New Delhi, Feb 9 (IANS) Forty eight percent per cent of the deaths in Asia due to extreme weather events happened in India, while one extreme weather event happened almost every month, and despite fewer events in 2019 compared to 2018, 18 per cent more people died last year, according to the State of India’s Environmental Annual released on Sunday.

Extreme weather events include conditions like drought, wildfire, flood, landslides, extreme temperatures, fog and storm.

In terms of deaths, 48 per cent of the deaths in Asia due to extreme weather events happened in India. And in 2019, there were more deaths in India even though the number of such events were fewer – 2.038 people died in 2019 due to extreme weather events, compared to 1.396 in 2018.

“In 2018 and 2019, one extreme weather event happened almost every month in India”, said the report prepared by the Centre for Science and Environment and Won To Earth, which was released by Rajasthan Chief Minister Ashok Gehlot in Alwar.

The findings claim that the continuity and intensity of extreme weather events in India in the 2018-19 period has taken even climate scientists and meteorologists by complete surprise.

“The world witnessed 286 and 228 extreme weather events in 2018 and 2019, respectively. Of these, India recorded 23 in 2018 and nine in 2019”, the report said.

The report claimed January saw the end of the north-east monsoon season with 44 per cent deficit rain — the third highest deficit in the past 10 years.

“North India had one of the coldest and driest winters ever, as the extreme conditions spilled into February. In March, an unseasonal heat wave roasted Tamil Nadu, Andhra Pradesh and Kerala. In April, thunderstorms with cloud-to-ground lightning strikes began affecting states in east, central and north-east India. The month ended with the formation of a rare pre-monsoon cyclone (Fani)”, said the report.

According to the report, long spells of heatwaves occurred in May and June. “By the first week of June, the country had undergone 73 spells of heatwave conditions, 11 of them extreme; with the maximum deaths in Bihar (over 200). The conditions were so harsh that district magistrates of five districts invoked section 144 of the Criminal Procedure Code to restrict public activities during daytime”, said the report.

Followed by the delay in the onset of south-west monsoon, and weak rainfall occurred in the beginning of July, which transformed into torrential rains. “Twelve states received over 60 per cent surplus rains in the second week of July.

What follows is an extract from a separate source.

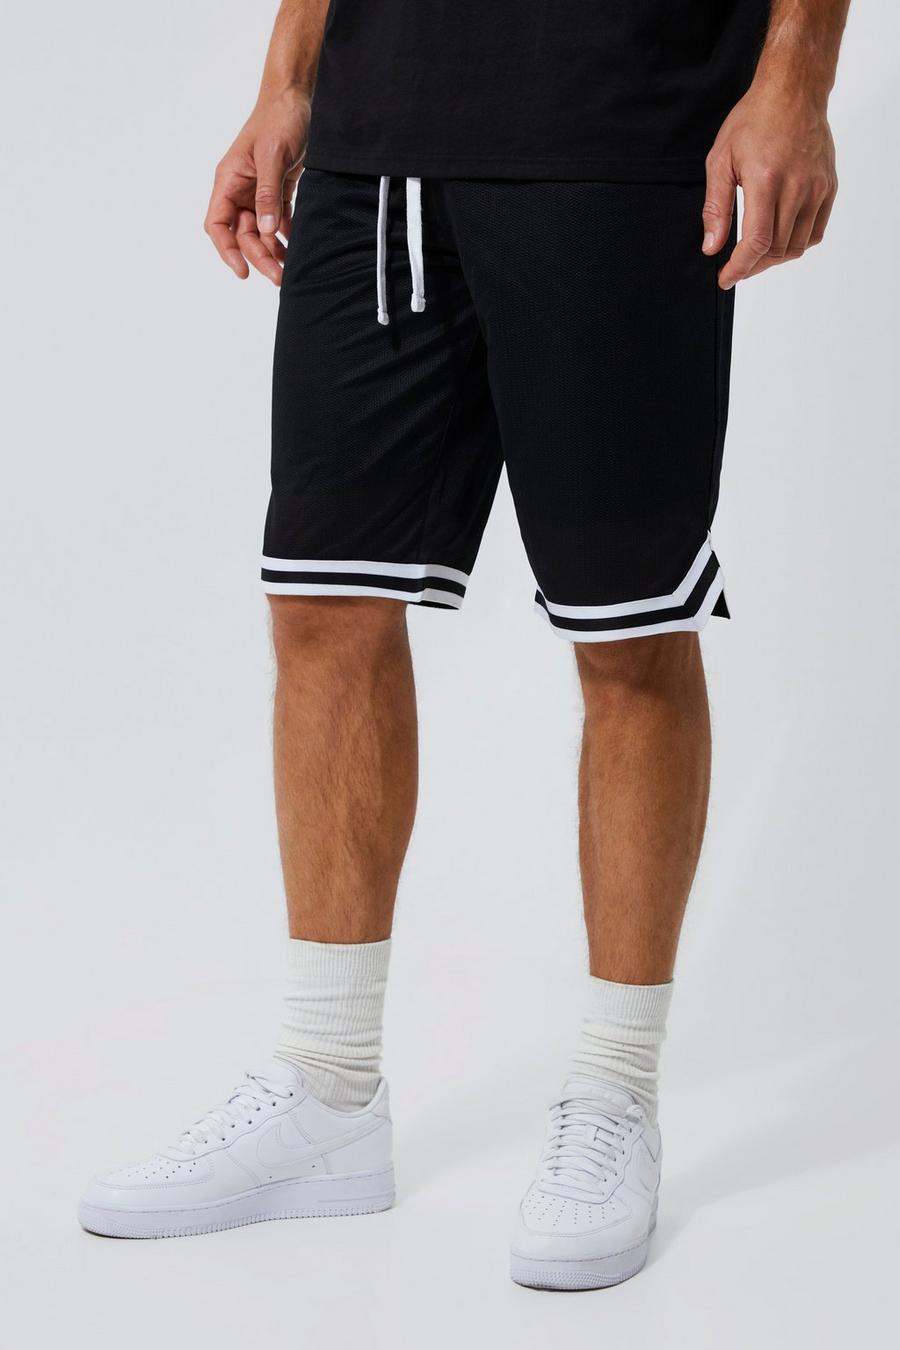 Pantaloncini da basket Tall in Airtex con fascia, Nero black

The resultant floods in Bihar and Assam affected over 10 million people and claimed 168 lives”, it added.

The rains came in short bursts of heavy downpours followed by drier periods, a pattern, which continued till September. The report cited 1,250 events of extreme rainfall during the year, or more than three per day.

A statement released by the organisation which prepared the report, said: “The continuity of extreme events from one month to the next means that the world needs to always be on its toes. Scientists and environmentalists have called this a climate emergency.”

India has also witnessed the highest number of cyclones in a single year since 1976.

In October and November, cyclones Hikaa, Kyarr and Maha in the Arabian Sea and cyclone Bulbul in the Bay of Bengal formed and intensified in quick succession. With cyclone Pawan in December — the total number of cyclones in the northern Indian Ocean region reached eight.